Interesting idea. Not sure they would be precise enough, but the controller would be really nice.

Originally Posted by RoyBoy:
Originally Posted by Bob Severin:

How's that UHF working for you Roy?  

Even though it's a combination VHF/UHF antenna, still only so-so. Gotta go up there and see if anything is corroded. Somehow, going up on the roof is not as much fun as it used to be. 

The fall is even less fun!

Originally Posted by TrainsRMe:

Details like roof antennas really make a layout pop.  Great idea.

Not just the residential homes, but the downtown buildings. Many businesses had apartments, owners lived above, or sold TVs. All needing reception.
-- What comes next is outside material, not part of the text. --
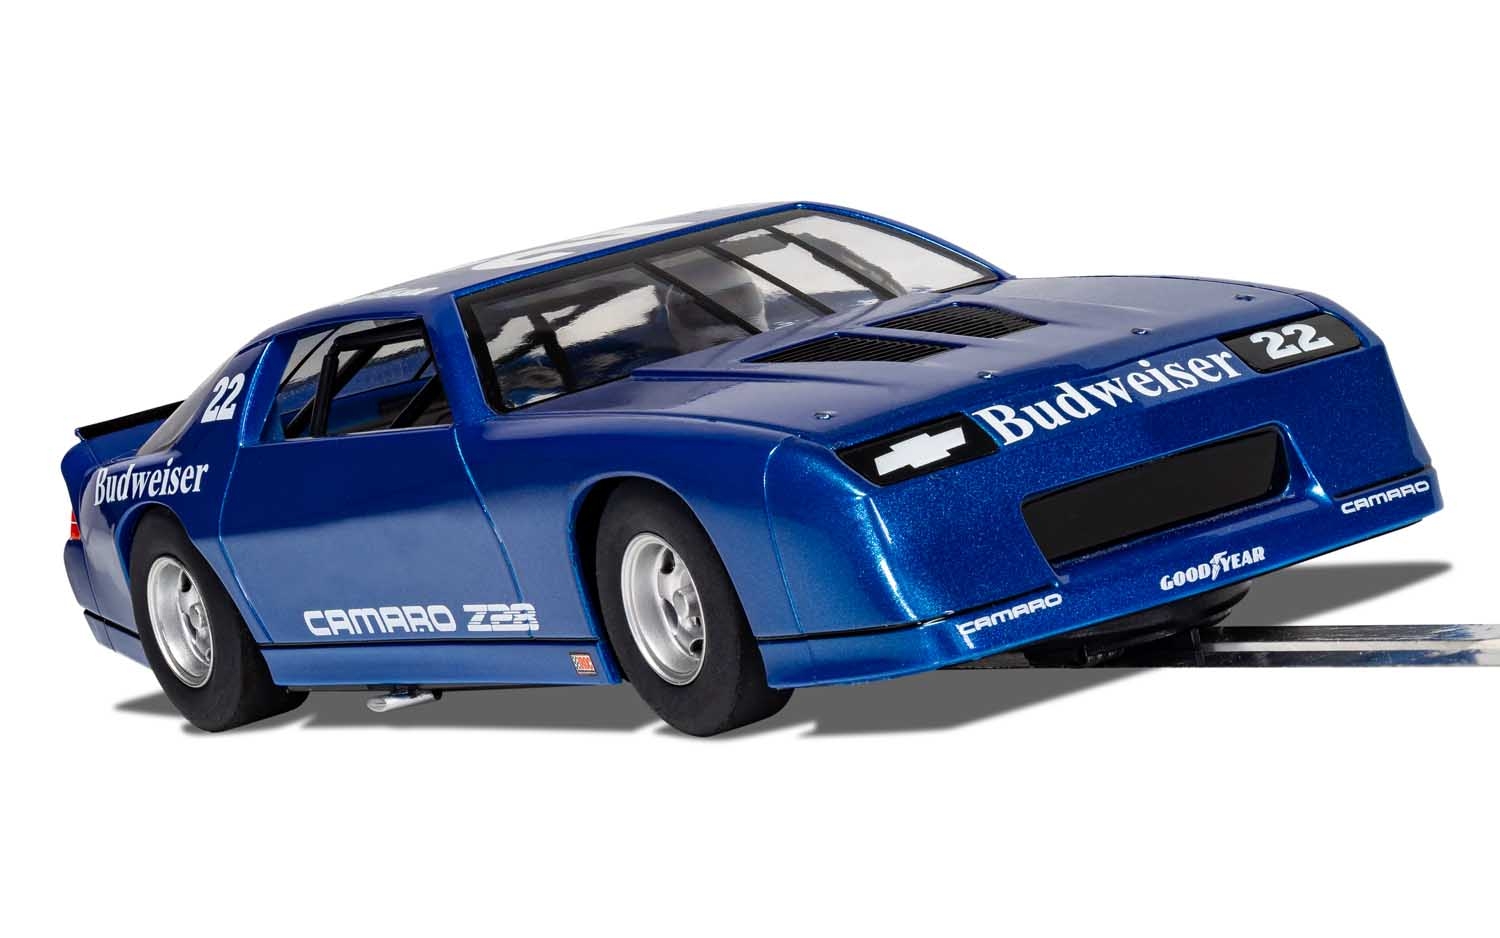 1/32 scale slot car decals for the Scalextric IROC Camaro

Many times the roofs were cluttered with each tenent having his own.

In the 50's we had a 50 foot antenna on our roof with 3 sets of guy wires, most of the houses had them and after a big pacific storm it was always fun to count how many were blown down.  My grandfather's farm over in the central valley had about a 70 foot lattice tower so he could get stations from SF and LA.....DaveB

50s???

I saw plenty of them in the late 90s in my hometown in Florida.

Cable didn't come in to where I lived until the late 1980s.

Long before I could recall it happening (maybe before I was born, but I've never asked, and I think I will ask next time I call my folks), Dad put up an old telephone pole and mounted a TV antenna atop it, next to the house. A simple cable ran from that, through a caulked hole in the wall of the house, under the floorboards and through a small sealed hole in the floor of the living room. It had alligator clips at the end, and whenever lightning got close or we went away for more than a day for anything, we'd disconnect it to prevent lightning damage. In that part of the country, there's more lightning than almost anywhere else on Earth.